Make your prompt tracking more accurate this week

AI Visibility is measurable. The mistake is running it like a rank tracker.

Jun 08, 2026

∙ Paid

**Please add Growth Memo to your preferred Google sources, so you don’t miss the next insight!** This Memo was sent to 27,118 subscribers. Welcome to +109 new readers!

By now, you understand that LLMs are probabilistic systems and that AI answers are highly variable. That fact has convinced a lot of people that prompt tracking is extra noise. But discounting prompt tracking as nonsense is the wrong conclusion.

Even though prompt tracking is much less deterministic than keyword tracking, we can significantly increase the accuracy of tracking AI mentions and citations. Repeated runs, fixed sampling rules, and confidence intervals turn variance from a reason to quit into a number you can defend.

By the end of this Memo, you’ll know how to build that system.

This memo assumes that you’re already:

1/ Operating under the philosophy of persona-based prompt design, argued for in Synthetic Personas for Better Prompt Tracking.

2/ Bought into doing AI SEO / AEO and need a measurement system that actually tracks your progress vs. noise. Check out How Much Can We Influence AI Responses to learn more.

AI Mode is expanding. The Search box just got its biggest AI upgrade in decades. Search agents now crawl the web and answer for users in the background, before anyone reaches your page. If you’re still grading yourself on rankings and traffic, you’re scoring a game that no longer exists.

Chris Long, co-founder of Nectiv, breaks down what changed, what it means for B2B visibility, and how to build the workflows that get you cited in AI search.

You’ll walk away knowing:

Why the SGE to AI Overviews to AI Mode shift is bigger than it looks
The I/O 2026 updates that belong on your roadmap now
How to measure visibility past rankings: citations, prompt coverage, mentions
What makes content surface in fan-out and decision-stage queries
The workflows to audit, refresh, and publish content built for AI search

Date: June 17 · 3pm ET · Zoom · Recording sent after

Spots are limited.
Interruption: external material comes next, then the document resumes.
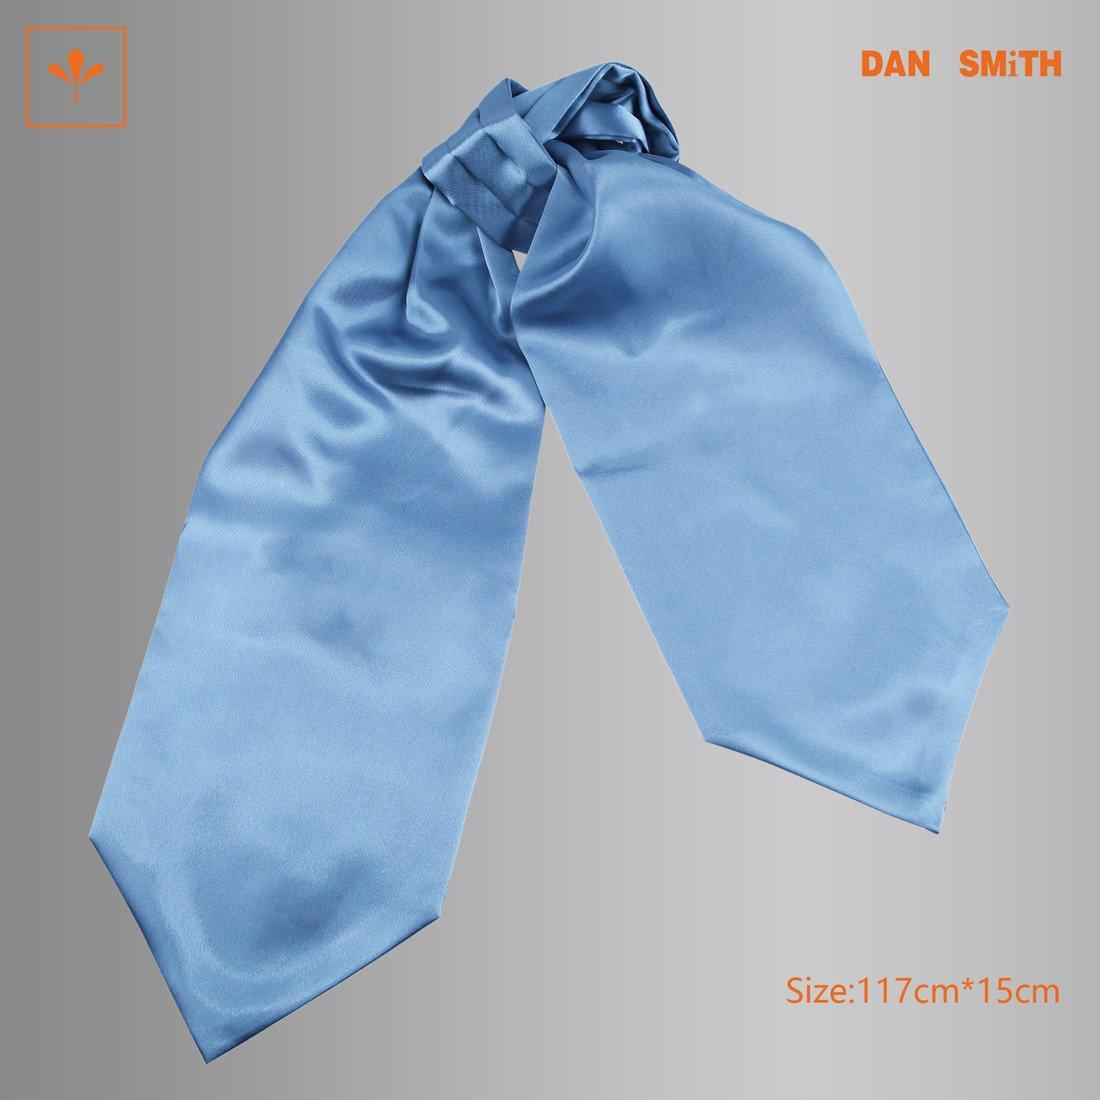 Steel Blue Solid Mens Cravat Ties Various Presents Idea Poly Excellent Fabric Ascot Work-utility Wedding Gift Dan Smith DRA7E01Q

Claim yours before Search moves again.

The prompt-tracking backlash is only half-right

Prompt tracking critics are not wrong. 5 people running the same prompt get 5 different answers. Within-LLM variance from sampling alone hits 10-34% on identical prompts.

Reporting a point estimate from one run is astrology. Together with AirOps, I looked at 815,000 prompt-page pairs and found that after running the same prompt 3x in ChatGPT, only 2.2% of citations remain.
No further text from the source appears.